▼▼▼
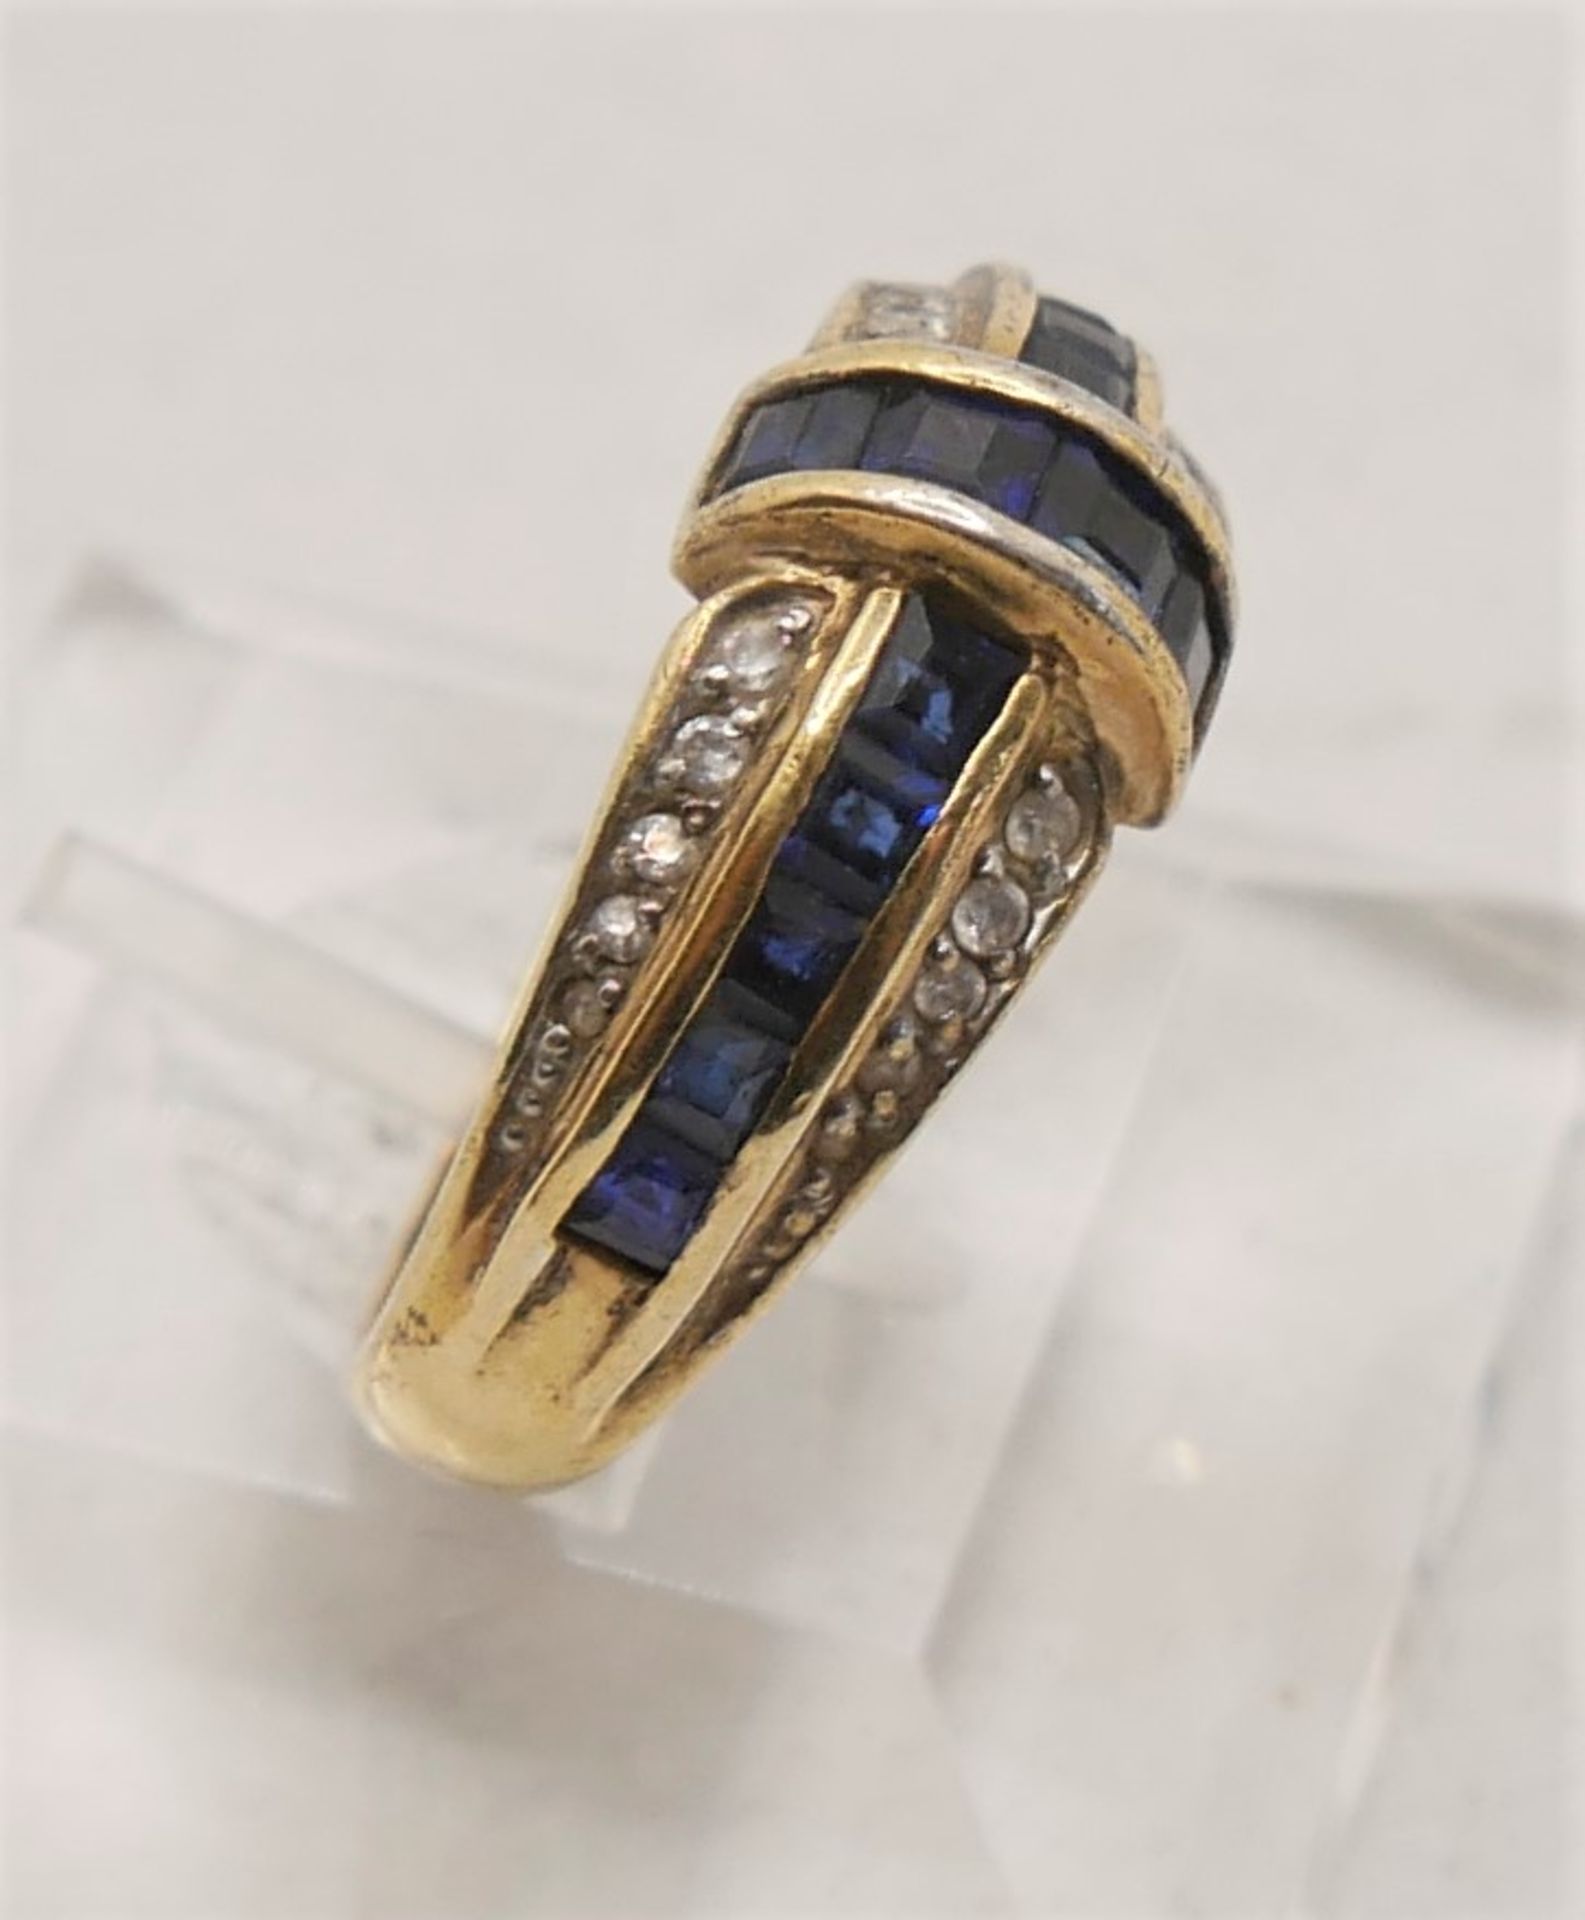 Damenring 925er Silber gepunzt,vergoldet, mit dunkelblauen Glassteinen,Ringgröße 60. - Image 2 of 2
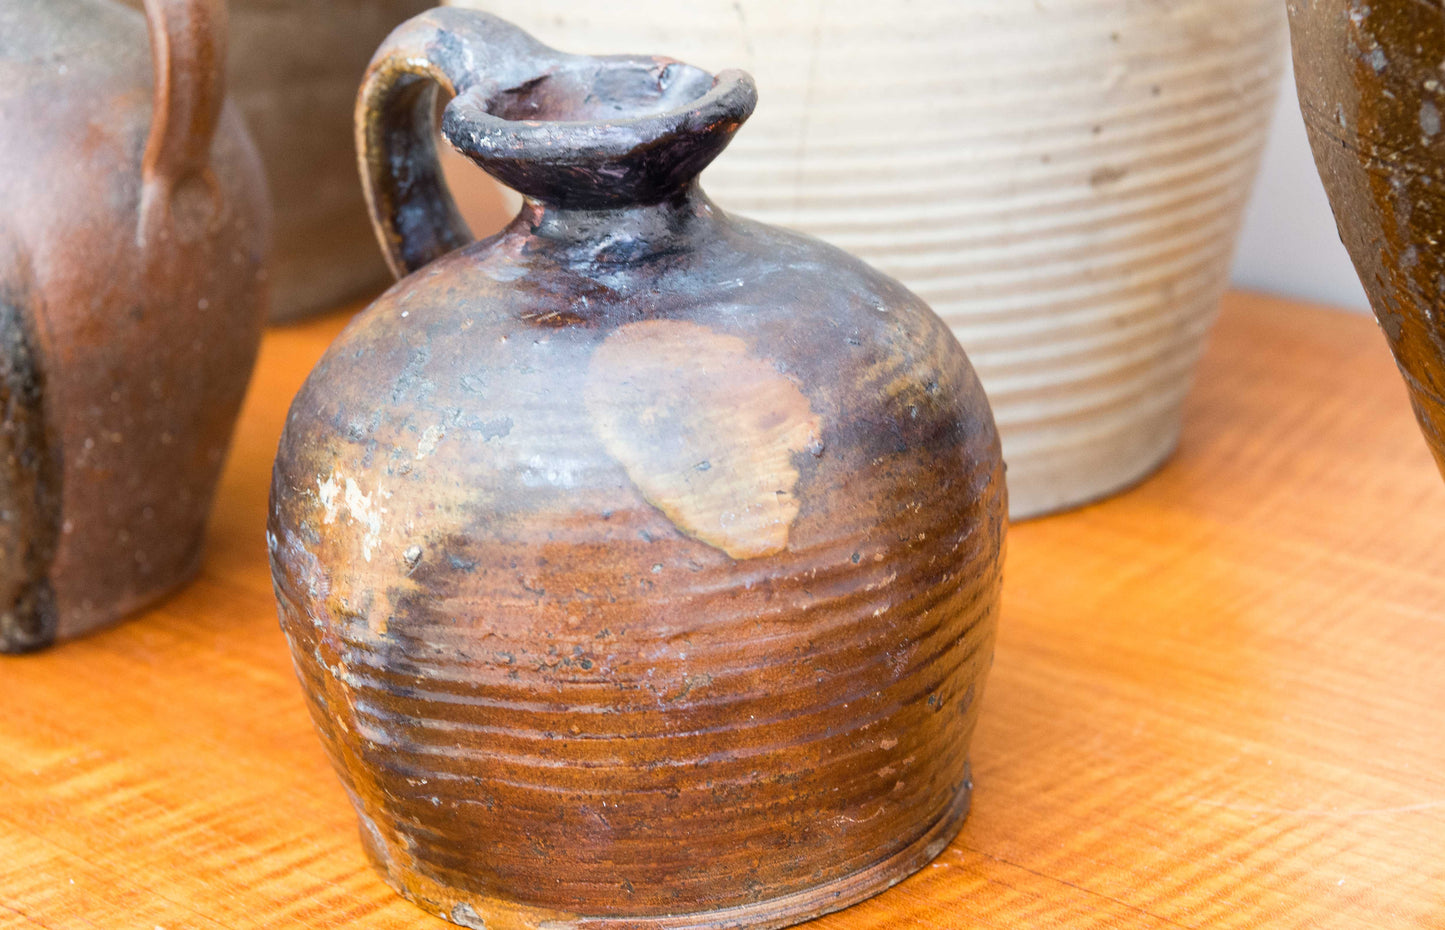 Five Antique Salt Glaze Stoneware Flagon,Jugs
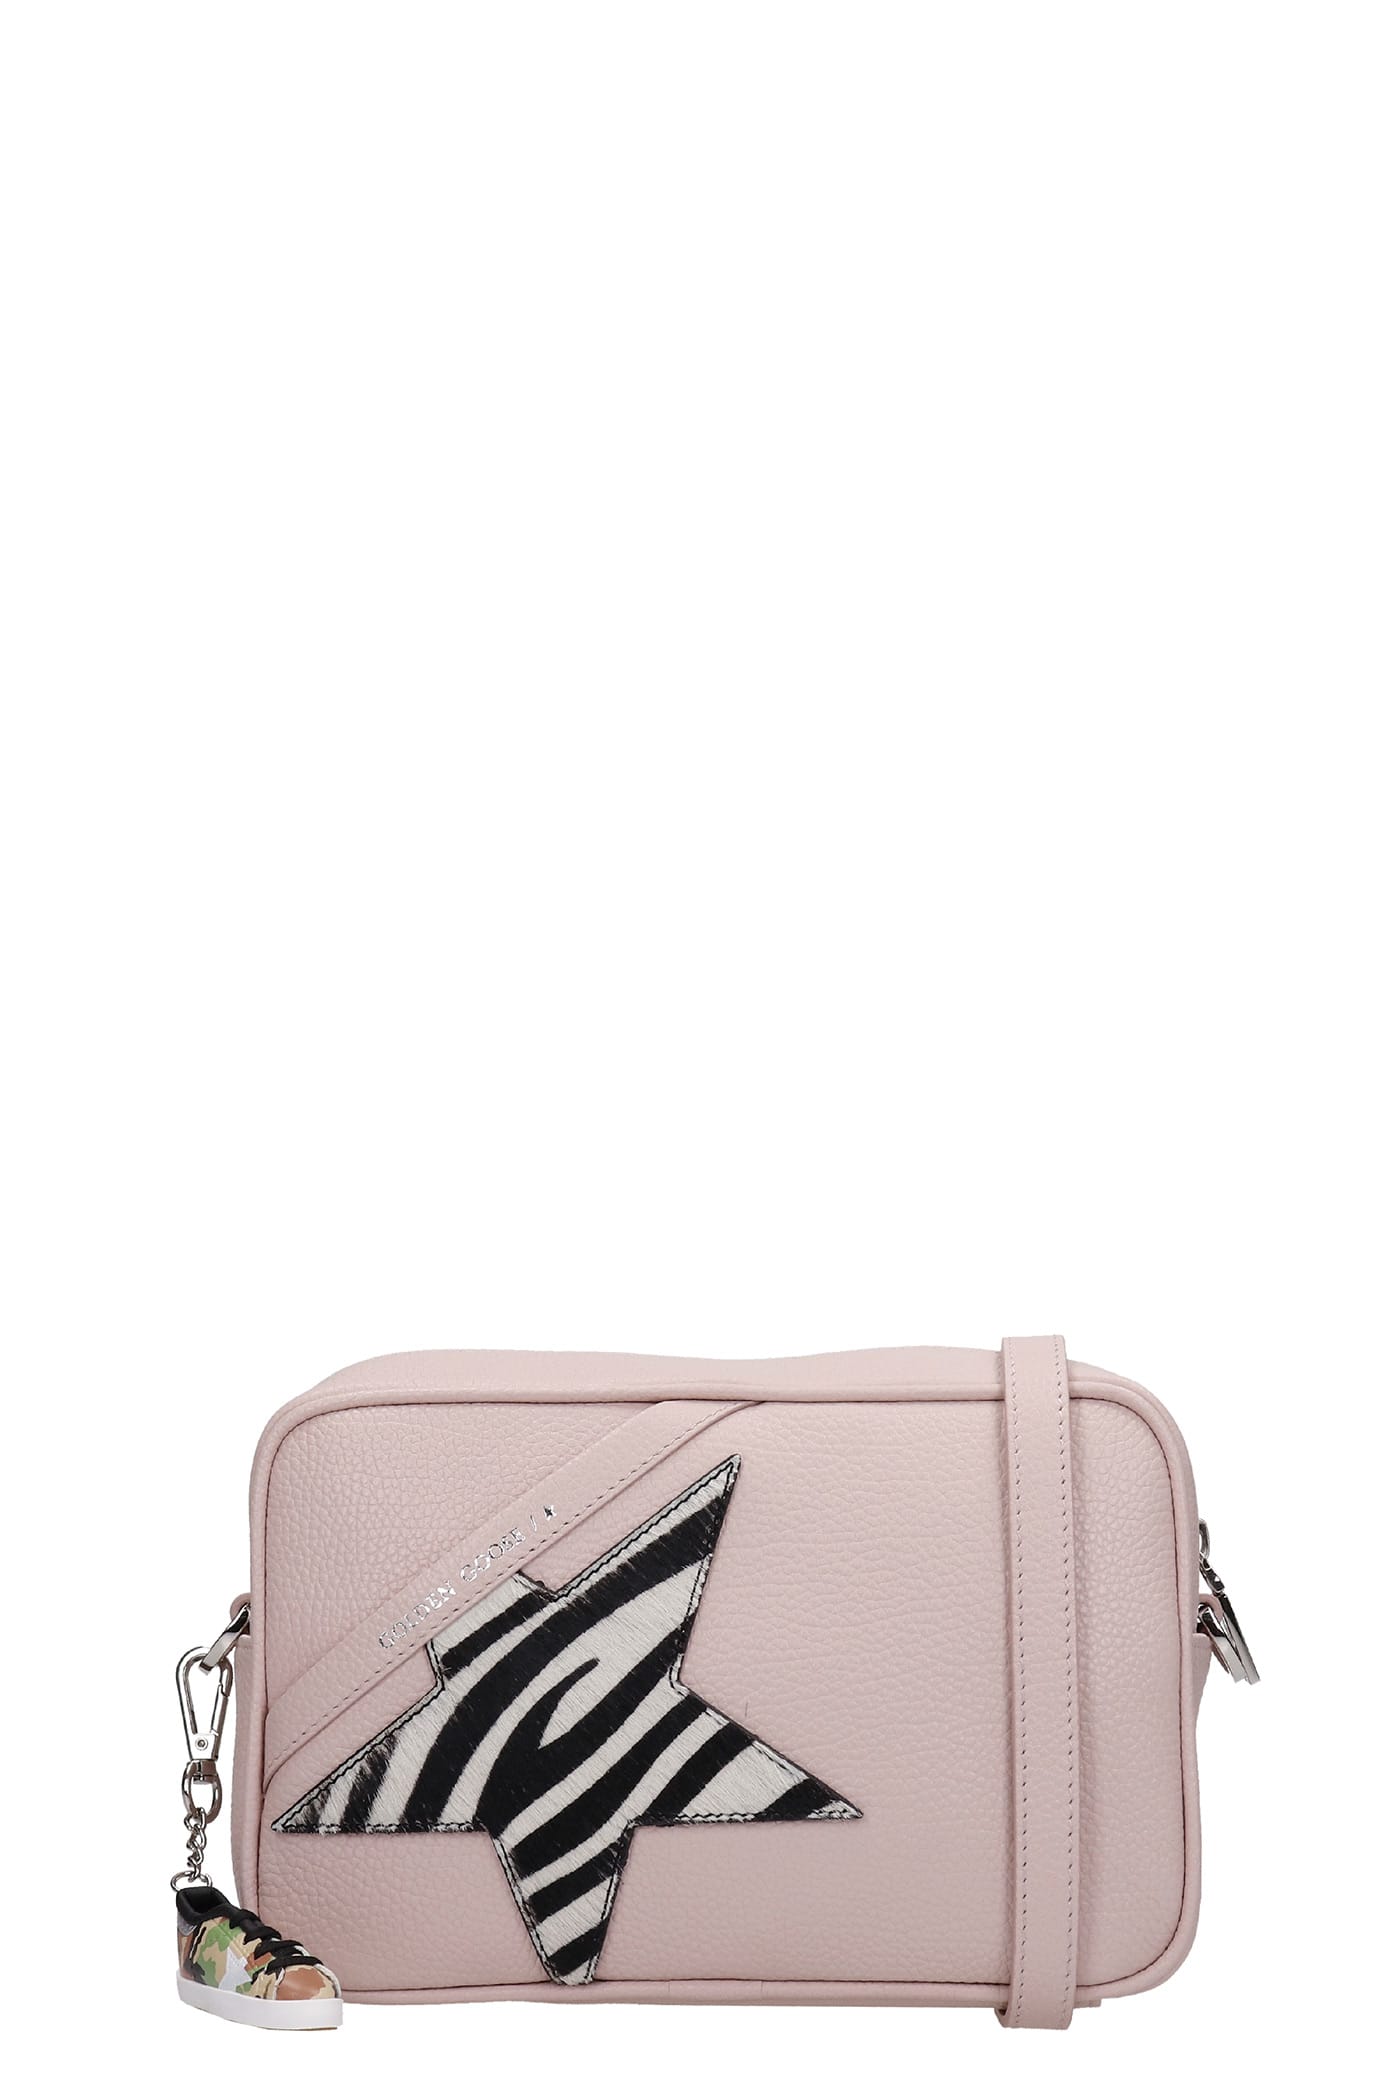 Golden Goose Star Bag Shoulder Bag In Rose-pink Leather
▲▲▲
Work to complete → Copy out all the data above exactly as written. Skip the pictures.

Result for this task →
 Damenring 925er Silber gepunzt,vergoldet, mit dunkelblauen Glassteinen,Ringgröße 60. - Image 2 of 2
 Five Antique Salt Glaze Stoneware Flagon,Jugs
 Golden Goose Star Bag Shoulder Bag In Rose-pink Leather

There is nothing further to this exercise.